LMArena is an engineering-first startup focused on evaluating large language models, created in 2023 by UC Berkeley researchers.
The company has a community-driven benchmarking platform that attracts over one million monthly users, comparing leading models to provide real-time insights.
The position is for an experienced Site Reliability Engineer (SRE) who will take ownership of infrastructure, processes, and operational security.
Responsibilities include managing infrastructure operations across Cloudflare, Vercel, and CI/CD pipelines, embedding security best practices, and mentoring team members.
The role requires a seasoned SRE who can balance reliability, performance, and security while supporting fast-moving product teams.
Requirements:
Candidates must have 7+ years of experience in SRE/DevOps roles for high-traffic SaaS or consumer web products.
Proven expertise in securing and scaling Cloudflare and Vercel or similar platforms is required.
A deep understanding of web application security, networking, TLS, and zero-trust principles is essential.

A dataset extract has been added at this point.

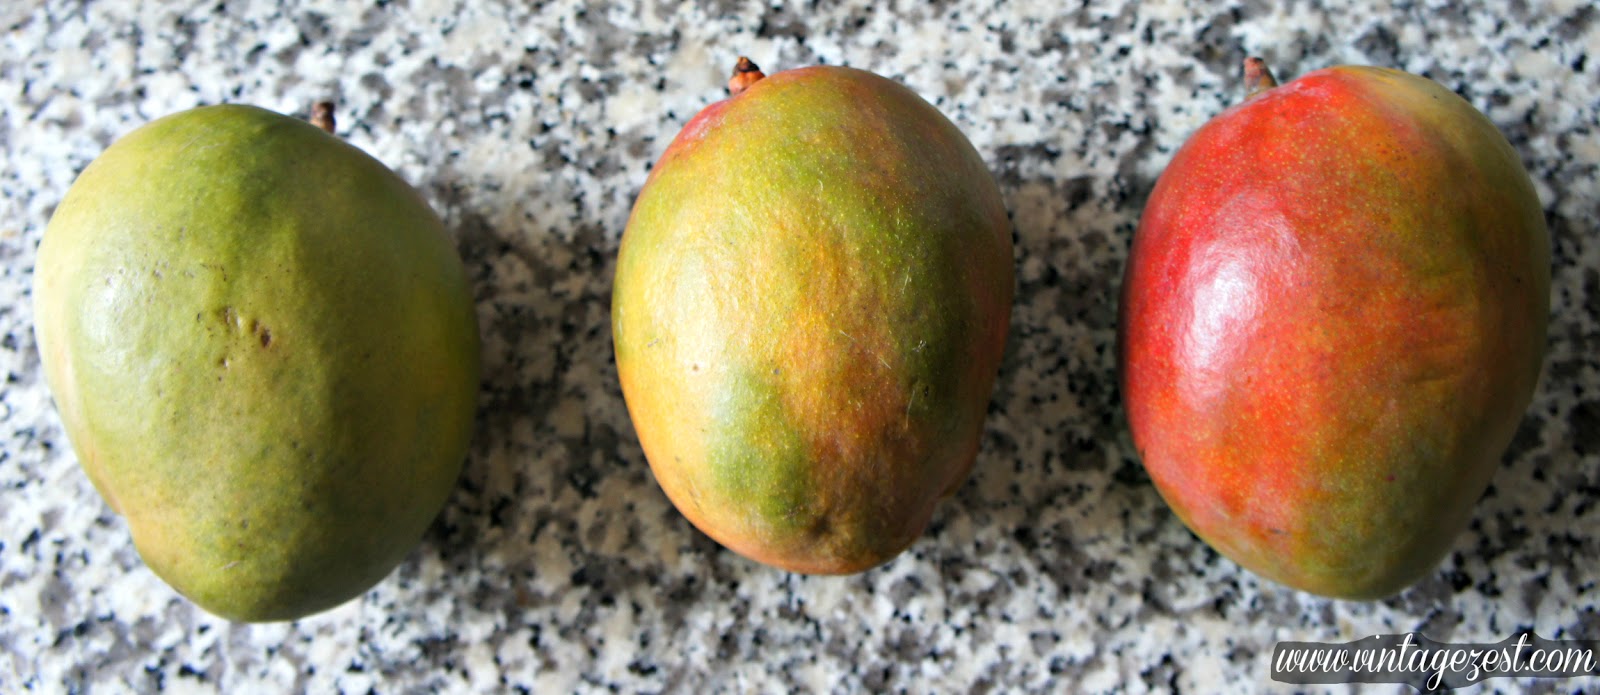 Diane's Vintage Zest!: Kitchen Basics: How to Pick & Prep Produce -  Tropical Fruit Edition!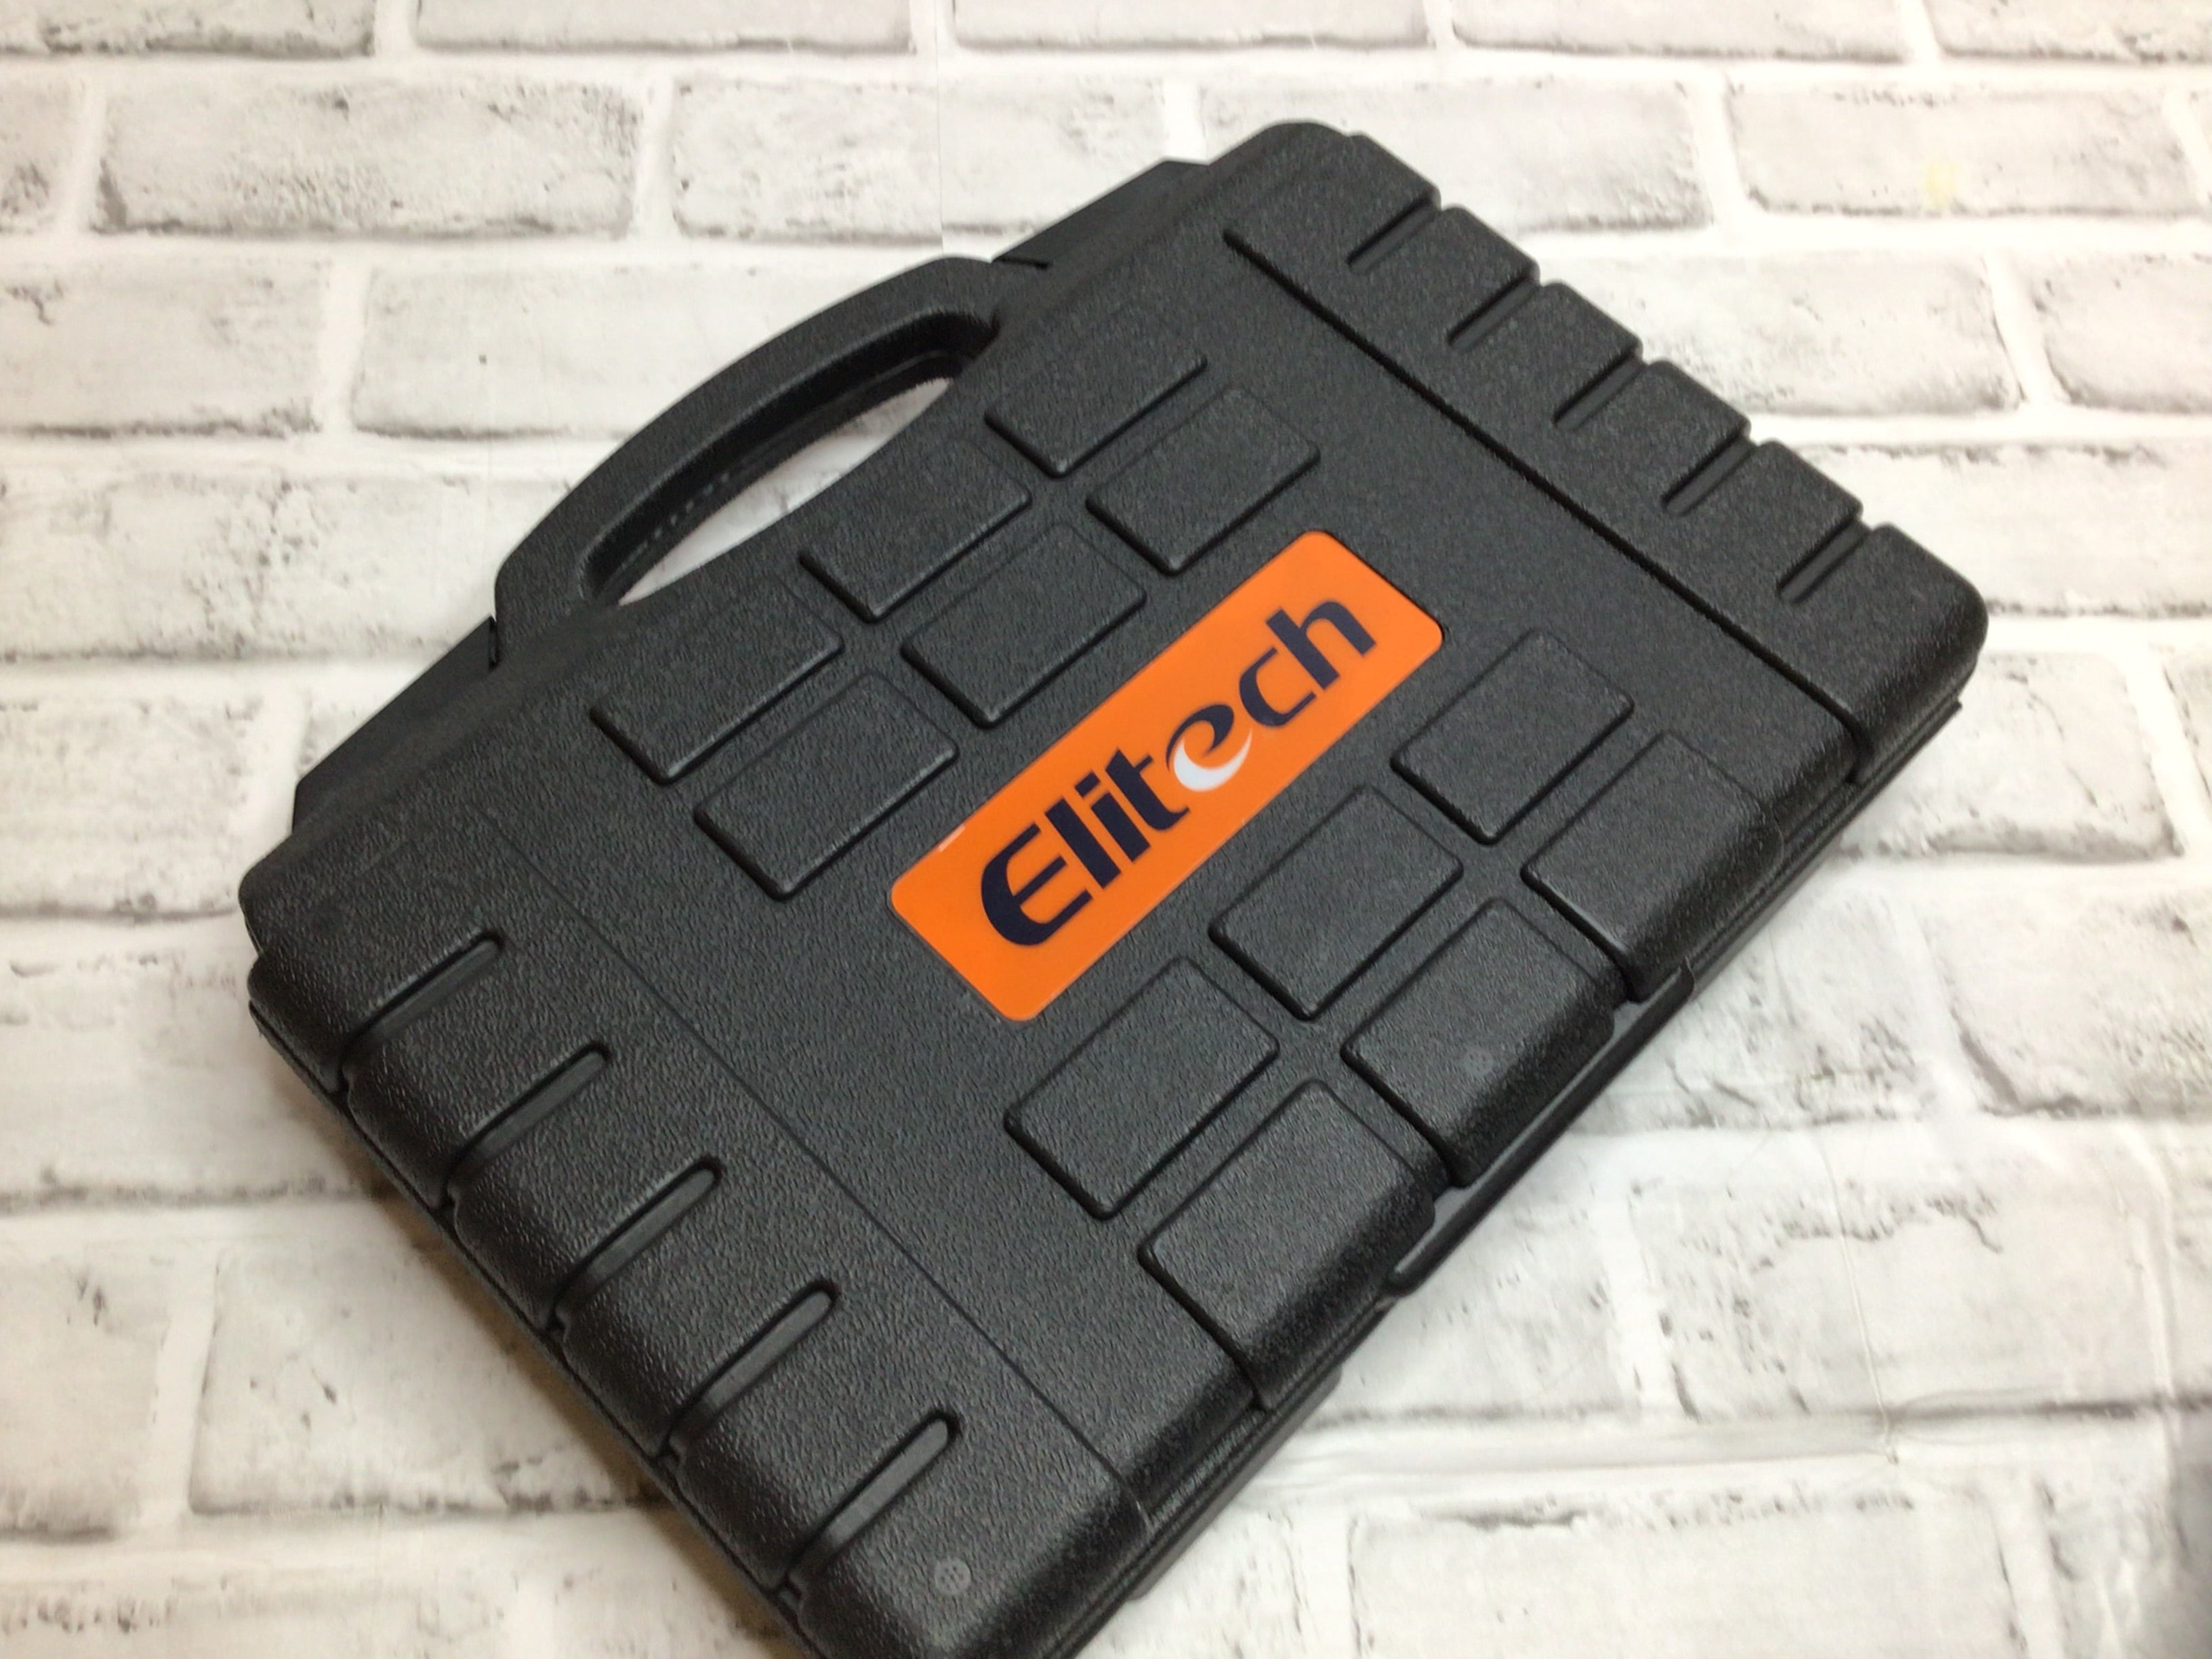 Elitech ILD-300 Advanced Refrigerant Leak Detector Freon Gas Detector W/Case (8080360014062)

Strong proficiency with infrastructure as code tools like Terraform or Pulumi, and serverless build pipelines such as GitHub Actions is necessary.
Candidates should possess strong programming abilities in Golang, Python, or TypeScript, along with scripting skills.
Demonstrated success in designing and enforcing change-management workflows is required.
Excellent written communication skills are necessary for producing clear runbooks and architecture documentation.
A track record of mentoring or leading junior engineers is essential.
Benefits:
Employees will have the opportunity to set the foundation for reliability and security in a rapidly growing AI benchmarking platform.
The company promotes a culture that is engineering-first, documentation-driven, and community-obsessed.
Compensation includes a competitive salary, meaningful equity, comprehensive benefits, and a professional-development budget.